A 10 Percent Reduction in Local Aid Would Be a Hit for Municipalities, But Problems Run Deeper

By: Christopher Ryan Crisanti

The final two months of the General Assembly spring session normally shifts public conversation towards the upcoming fiscal year budget, with lawmakers needing to pass a budget based on the governor’s proposals.

While economic activity seems to be picking up due to the COVID pandemic end in sight, state revenues have nonetheless been hammered and lawmakers will need to make difficult decisions on where to cut to help balance the budget.  The current budget deficit is projected at about $3 billion.
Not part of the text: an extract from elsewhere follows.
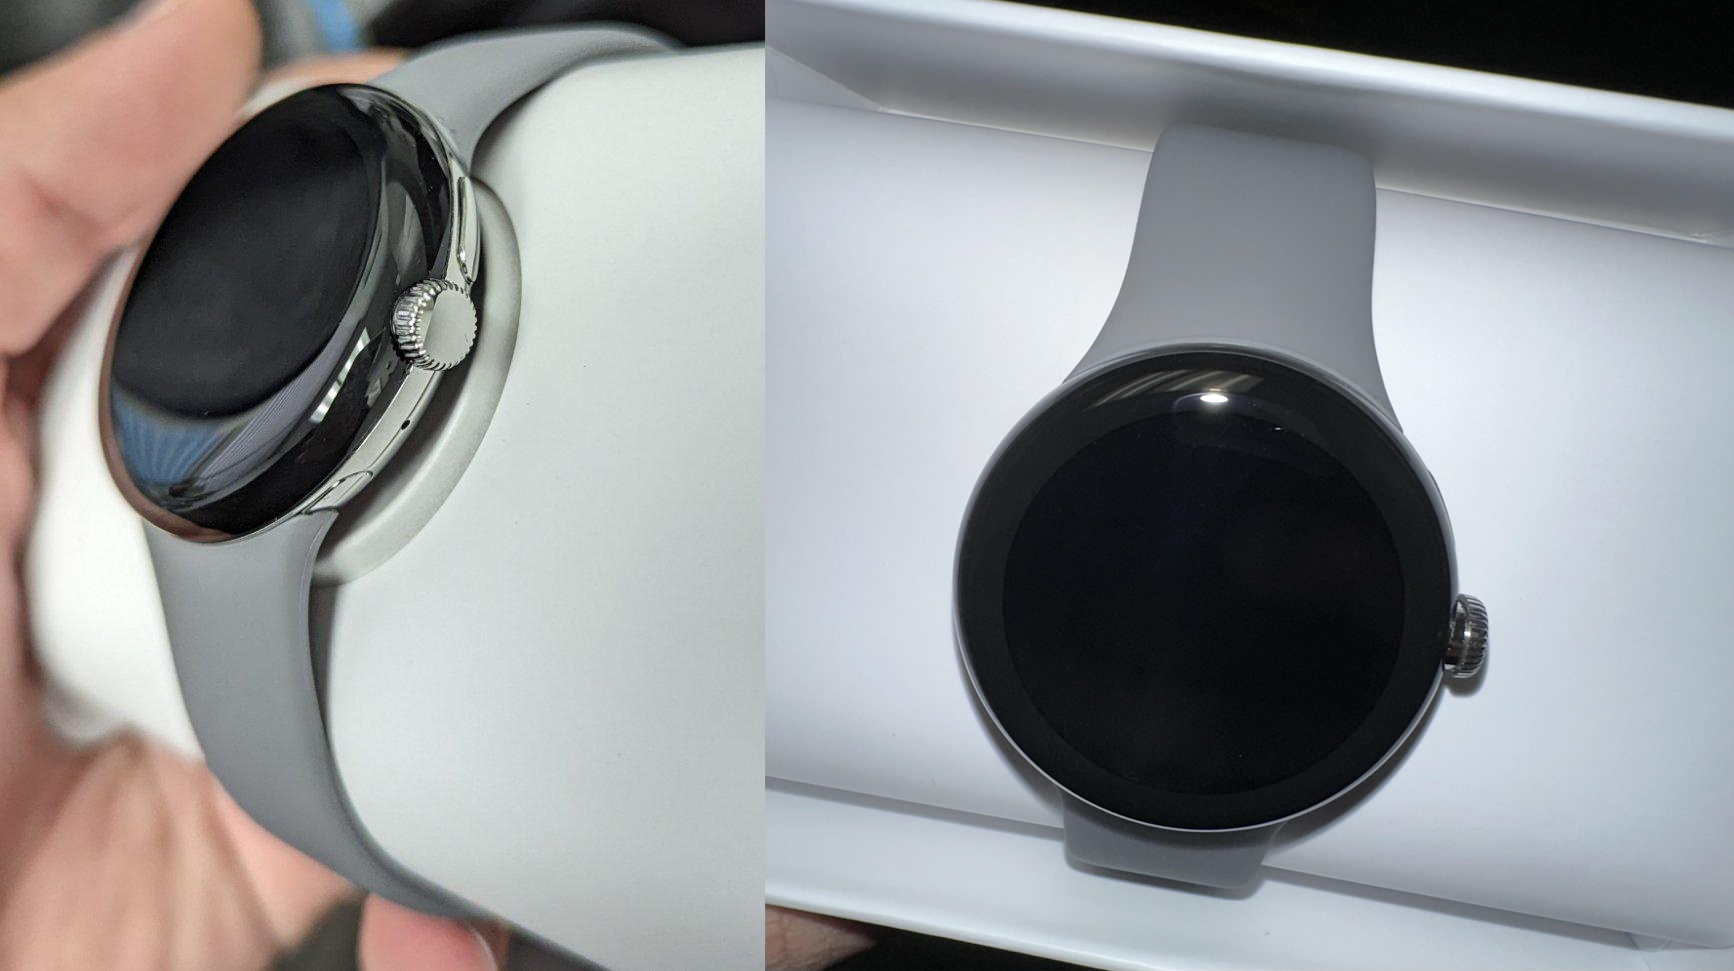 unboxing online Pixel Watch leak Early images

One proposal currently being deliberated is to reduce how much municipalities receive from the state by 10 percent from the Local Government Distribution Fund (LGDF).

Municipalities receive the balk of state money through the LGDF and it is funded from revenue collected via the state income tax.  The LGDF then distributes the funds to Illinois counties and cities to help fund municipal operations and deliver public services. The total amount of money each county and city receives is based on population. However, the state distributes 6.06 percent of the total amount collected on individuals and 6.85 percent on corporations to states and municipalities.

The governor’s current proposal is to cut this distribution given to municipalities to help sore up room for a balanced budget. While a reduction in state aid would be detrimental for municipalities trying to recover from the pandemic, problems with the LGDF run deeper.

First, the trend of reducing the distribution amount to local government has unfortunately been nothing new the last decade. Some contend that the state should not be allowed do this, with the village of Orland Park recently passing a resolution requesting the governor to restore funding back to its original levels. Prior to 2011, the state distributed 10 percent of total amount of income taxes collected to municipalities.

Facing a budget shortfall, then Gov. Pat Quinn’s partial solution was to temporarily raise the flat income tax rate from 3 percent to 5 percent while also reducing the 10 percent distribution to local governments. The income tax rate was again reduced to 3.75 percent in 2015.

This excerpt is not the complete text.